Unhandled exception. System.InvalidOperationException: Stack trace example
   at Program.CallChildActivity() in /Users/luizhlelis/Documents/projects/personal/trace-context-w3c/src/system-diagnostics-activity/Program.cs:line 22
   at Program.Main() in /Users/luizhlelis/Documents/projects/personal/trace-context-w3c/src/system-diagnostics-activity/Program.cs:line 11

with the information above we're able to know that a failure happened at CallChildActivity() method (line 22) which was called by the Main() method (line 11) both inside the Program.cs class. That's the reason why the runtime message tracking is essential for a software health and reliability, a rich information like that greatly increases the troubleshoot productivity. So the stack trace suits very well in terms of message trace when the subject is a single process application, like monolithic systems. On the other hand, when dealing with distributed systems like in a microservice architecture, the stack trace is not enough to expose the entire message tracking. That's the reason why distributed tracing tools and standards became necessary. The W3C defines a standard for this type of tracking, which is called Trace Context.

W3C Trace Context purpose

Imagine a system designed as a microservice architecture where two APIs communicate in a synchronous way (http calls) and the second API communicates with a worker by a message broker:

Figure 1 - Distributed trace

just like the stack trace, every Activity needs an Id to be identifiable and also needs to know the Activity Id of who called it. With the purpose of solving this kind of problem, some vendors came up delivering not only the distributed trace message information but also the application performance, the load time, the application's response time, and other stuff. That kind of vendor is called Application Performance Management tools (APM tools) or also trace systems, below are some examples:

Dynatrace
New Relic
Application Insights
Elastic APM
Zipkin

NOTE: I chose to use the term vendor to describe all the trace systems because that's the way as the standard refers to them. But it seems that it'll be changed soon.

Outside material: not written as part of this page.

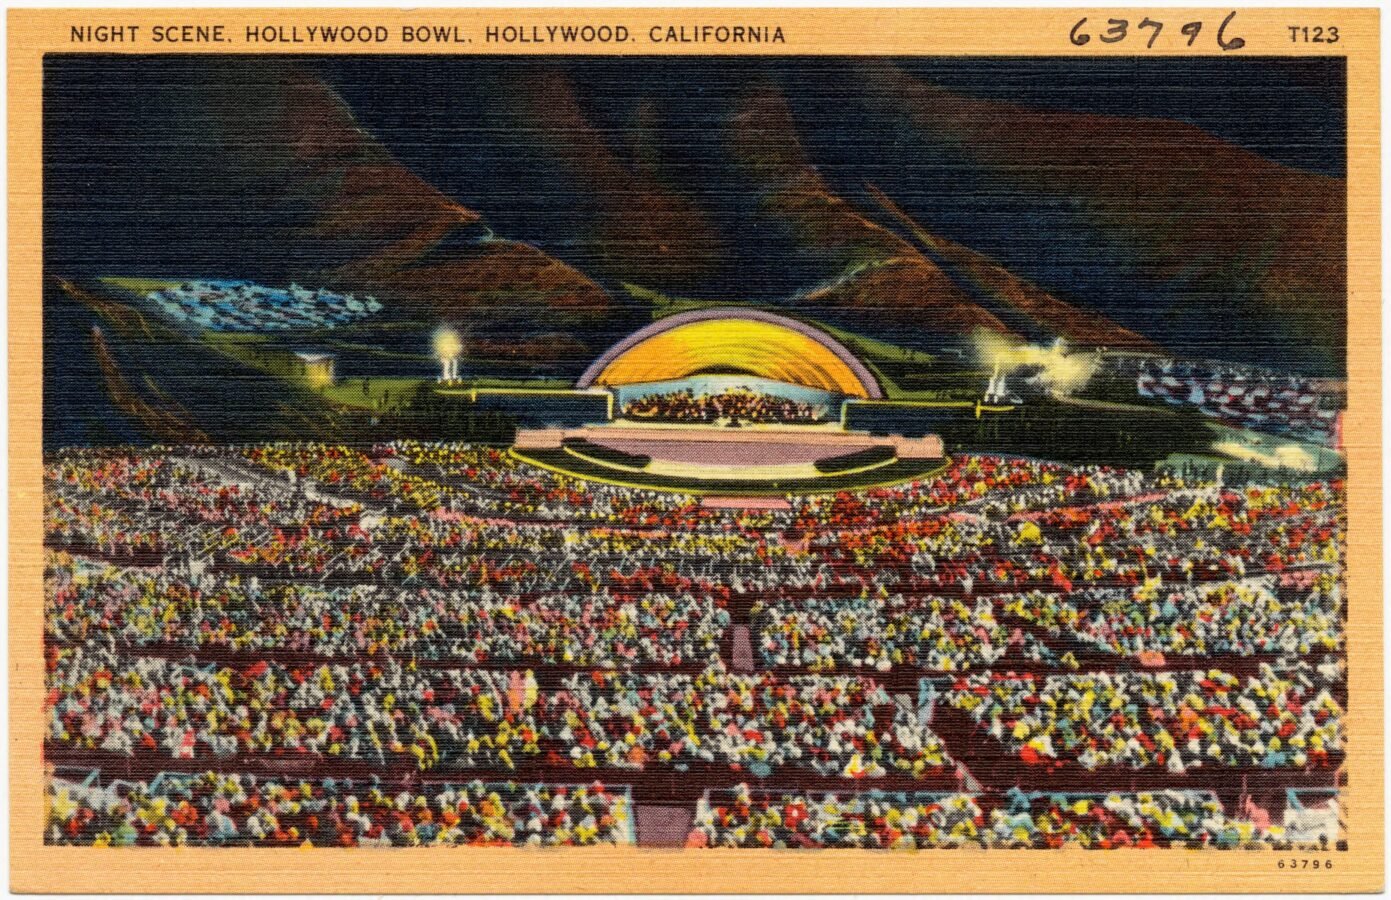 Night scene, Hollywood Bowl, Hollywood, California, between between circa 1930 and circa 1945 (Photo: Boston Public Library Tichnor Brothers collection)

now imagine a scenario where there are many vendors and also many languages with different diagnostics libraries, some of them identify a trace with an operation-id, other calls it as request-id and also there is another one which recognizes it as a trace-id. Besides that, the id's format changes depending on vendor or diagnostic library: one is in the hierarchical format, another one is an UUID and there is also a 24 character string identifier. That scenario would result in: systems with different tracing vendors will not be able to correlate the traces and also will not be able to propagate traces as there is no unique identification that is forwarded. This is where trace context standard comes in.

The trace context standard

The W3C Trace Context specification defines a standard to HTTP headers and formats to propagate the distributed tracing context information. It defines two fields that should be propagated in the http request's header throughout the trace flow. Take a look below at the standard definition of each field:

traceparent: identifier responsible to describe the incoming request position in its trace graph. It represents a common format of the incoming request in a tracing system, understood by all vendors.
tracestate: extends traceparent with vendor-specific data represented by a set of name/value pairs. Storing information in tracestate is optional.

The `traceparent` field

The traceparent field uses the Augmented Backus-Naur Form (ABNF) notation of RFC5234 and is composed by 4 sub-fields:

version - traceid - parentid/spanid - traceflags

NOTE: sub-field term is unofficial, I chose this term for didactic purposes only

for example:

00-480e22a2781fe54d992d878662248d94-b4b37b64bb3f6141-00

version (8-bit): trace context version that the system has adopted. The current is 00.
trace-id (16-byte array): the ID of the whole trace. It's used to identify a distributed trace globally through a system.
parent-id / span-id (8-byte array): used to identify the parent of the current span on incoming requests or the current span on an outgoing request.
trace-flags (8-bit): flags that represent recommendations of the caller. Can be also thought as the caller recommendations and are strict to three reasons: trust and abuse, bug in the caller or different load between caller and callee service.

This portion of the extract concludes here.